TRY IT:
In the records that follow, find the line with "Augason Farms Buttermilk"; from there, retype every line exactly through the line with "Lot 2805 (228)", which also belongs to the answer.

SOURCE MATERIAL:
§ §

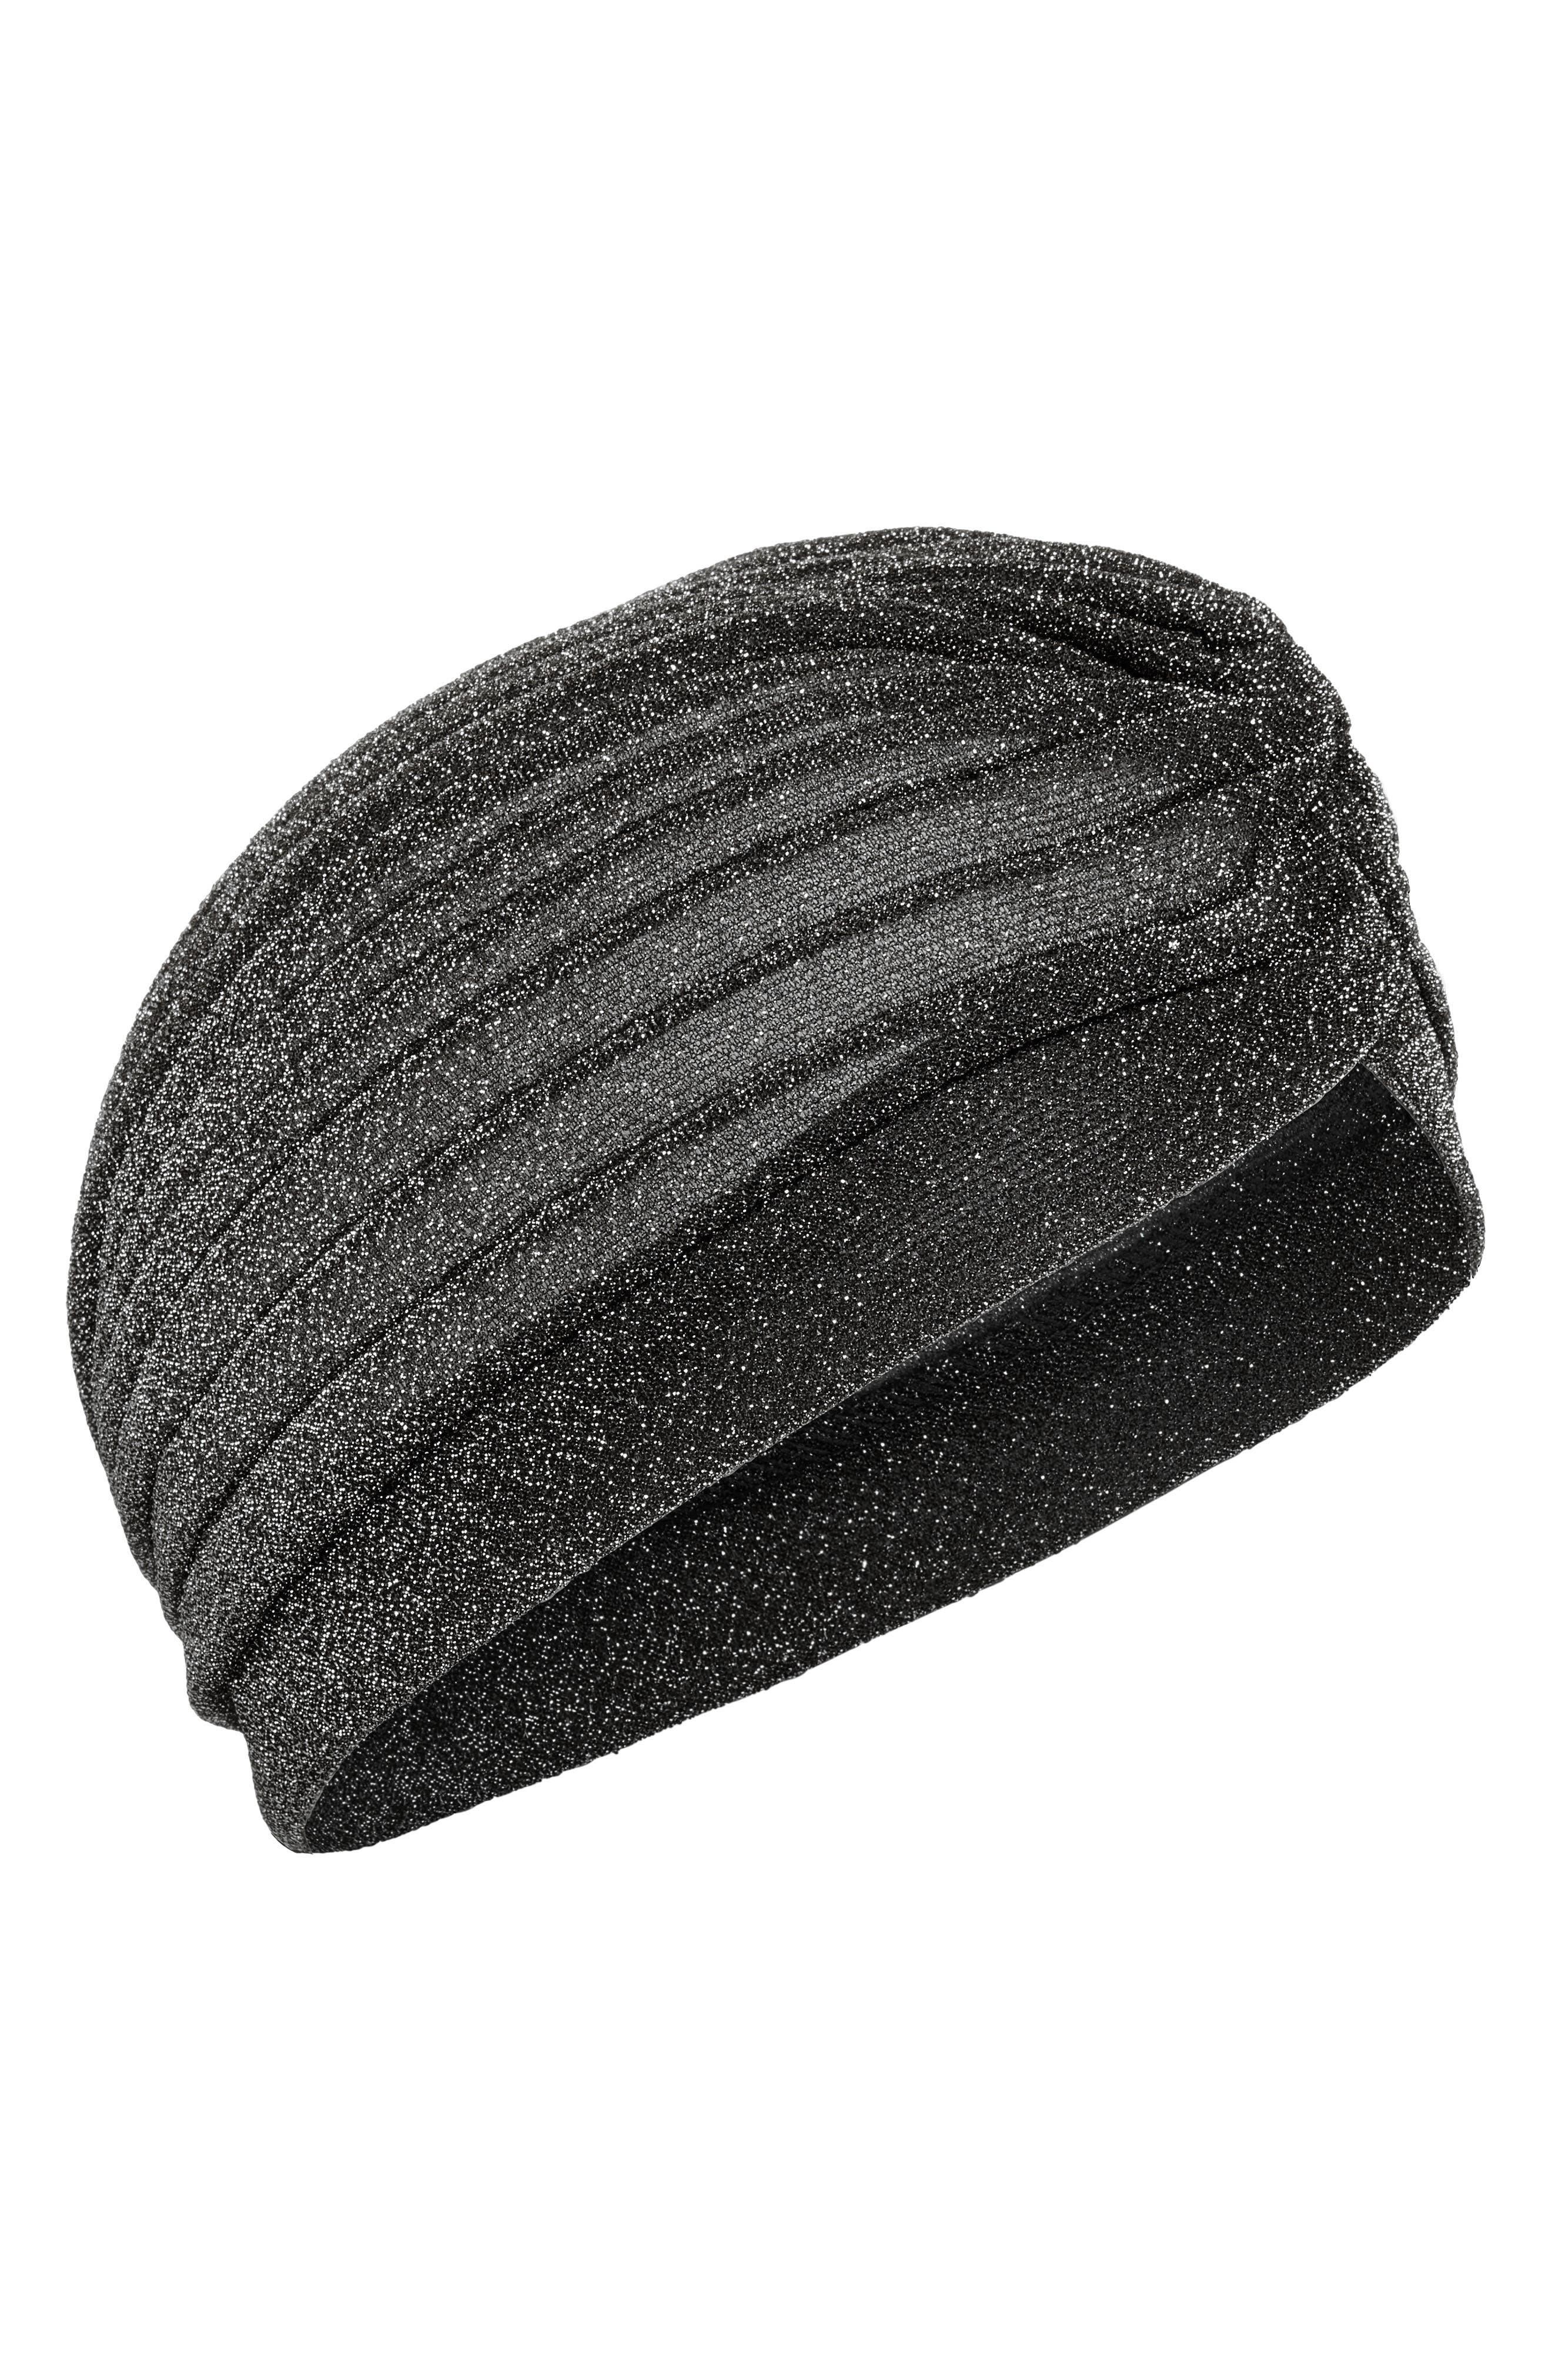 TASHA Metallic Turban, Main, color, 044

§ §

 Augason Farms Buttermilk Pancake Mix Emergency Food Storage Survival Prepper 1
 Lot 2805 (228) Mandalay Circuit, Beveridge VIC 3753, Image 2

§ §

PROBLEM SOLUTION:
 Augason Farms Buttermilk Pancake Mix Emergency Food Storage Survival Prepper 1
 Lot 2805 (228) Mandalay Circuit, Beveridge VIC 3753, Image 2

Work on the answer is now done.